Reproduce, exactly as they appear, the line containing "Svenska Cellulosa Aktiebolaget" and every line after it, ending with the last line of the records.

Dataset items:
++++

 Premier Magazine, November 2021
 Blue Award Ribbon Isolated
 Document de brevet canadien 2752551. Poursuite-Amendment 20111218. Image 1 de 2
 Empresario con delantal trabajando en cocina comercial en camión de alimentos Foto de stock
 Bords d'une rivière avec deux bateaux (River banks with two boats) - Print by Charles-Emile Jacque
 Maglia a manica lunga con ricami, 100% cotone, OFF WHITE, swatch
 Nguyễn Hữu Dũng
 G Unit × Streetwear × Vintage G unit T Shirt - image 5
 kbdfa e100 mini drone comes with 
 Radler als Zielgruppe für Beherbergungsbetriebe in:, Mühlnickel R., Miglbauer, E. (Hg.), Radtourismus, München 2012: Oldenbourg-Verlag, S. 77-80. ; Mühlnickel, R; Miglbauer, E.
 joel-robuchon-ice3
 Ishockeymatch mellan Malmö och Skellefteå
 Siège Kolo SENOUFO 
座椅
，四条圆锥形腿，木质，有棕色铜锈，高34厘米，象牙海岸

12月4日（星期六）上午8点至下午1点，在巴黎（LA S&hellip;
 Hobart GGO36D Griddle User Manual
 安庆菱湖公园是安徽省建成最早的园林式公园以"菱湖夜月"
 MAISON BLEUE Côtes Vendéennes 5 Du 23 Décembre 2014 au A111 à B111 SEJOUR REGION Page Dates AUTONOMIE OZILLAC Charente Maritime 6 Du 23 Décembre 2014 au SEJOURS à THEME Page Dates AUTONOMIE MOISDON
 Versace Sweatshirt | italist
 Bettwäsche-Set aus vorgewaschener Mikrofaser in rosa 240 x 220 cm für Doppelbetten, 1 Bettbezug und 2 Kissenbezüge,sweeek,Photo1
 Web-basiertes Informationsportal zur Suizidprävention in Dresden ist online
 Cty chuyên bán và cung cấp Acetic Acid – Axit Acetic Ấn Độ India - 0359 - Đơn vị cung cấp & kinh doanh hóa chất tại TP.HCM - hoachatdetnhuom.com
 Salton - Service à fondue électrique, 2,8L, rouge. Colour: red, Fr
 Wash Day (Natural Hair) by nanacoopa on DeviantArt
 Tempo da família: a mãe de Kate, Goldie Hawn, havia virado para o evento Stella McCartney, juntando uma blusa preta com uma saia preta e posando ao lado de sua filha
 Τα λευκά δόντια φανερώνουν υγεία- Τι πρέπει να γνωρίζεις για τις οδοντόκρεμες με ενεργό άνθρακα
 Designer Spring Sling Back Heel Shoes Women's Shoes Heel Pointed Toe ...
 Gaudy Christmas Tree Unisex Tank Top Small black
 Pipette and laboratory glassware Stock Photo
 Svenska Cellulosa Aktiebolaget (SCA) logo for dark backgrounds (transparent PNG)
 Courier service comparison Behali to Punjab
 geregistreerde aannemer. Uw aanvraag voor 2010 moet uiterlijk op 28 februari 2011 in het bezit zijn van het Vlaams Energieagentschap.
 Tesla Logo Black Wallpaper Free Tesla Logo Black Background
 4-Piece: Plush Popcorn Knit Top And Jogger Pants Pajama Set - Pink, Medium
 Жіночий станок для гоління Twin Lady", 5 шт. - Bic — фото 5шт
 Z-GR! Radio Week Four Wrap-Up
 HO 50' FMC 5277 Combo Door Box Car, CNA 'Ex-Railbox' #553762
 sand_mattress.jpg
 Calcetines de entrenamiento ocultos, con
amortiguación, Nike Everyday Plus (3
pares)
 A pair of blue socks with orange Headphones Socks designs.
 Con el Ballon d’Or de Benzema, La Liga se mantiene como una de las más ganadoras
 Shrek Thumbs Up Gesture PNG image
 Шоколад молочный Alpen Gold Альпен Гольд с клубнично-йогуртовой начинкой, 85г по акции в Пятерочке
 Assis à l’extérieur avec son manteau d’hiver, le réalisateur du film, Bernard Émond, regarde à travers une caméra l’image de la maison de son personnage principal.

++++

◆ **Answer section**
 Svenska Cellulosa Aktiebolaget (SCA) logo for dark backgrounds (transparent PNG)
 Courier service comparison Behali to Punjab
 geregistreerde aannemer. Uw aanvraag voor 2010 moet uiterlijk op 28 februari 2011 in het bezit zijn van het Vlaams Energieagentschap.
 Tesla Logo Black Wallpaper Free Tesla Logo Black Background
 4-Piece: Plush Popcorn Knit Top And Jogger Pants Pajama Set - Pink, Medium
 Жіночий станок для гоління Twin Lady", 5 шт. - Bic — фото 5шт
 Z-GR! Radio Week Four Wrap-Up
 HO 50' FMC 5277 Combo Door Box Car, CNA 'Ex-Railbox' #553762
 sand_mattress.jpg
 Calcetines de entrenamiento ocultos, con
amortiguación, Nike Everyday Plus (3
pares)
 A pair of blue socks with orange Headphones Socks designs.
 Con el Ballon d’Or de Benzema, La Liga se mantiene como una de las más ganadoras
 Shrek Thumbs Up Gesture PNG image
 Шоколад молочный Alpen Gold Альпен Гольд с клубнично-йогуртовой начинкой, 85г по акции в Пятерочке
 Assis à l’extérieur avec son manteau d’hiver, le réalisateur du film, Bernard Émond, regarde à travers une caméra l’image de la maison de son personnage principal.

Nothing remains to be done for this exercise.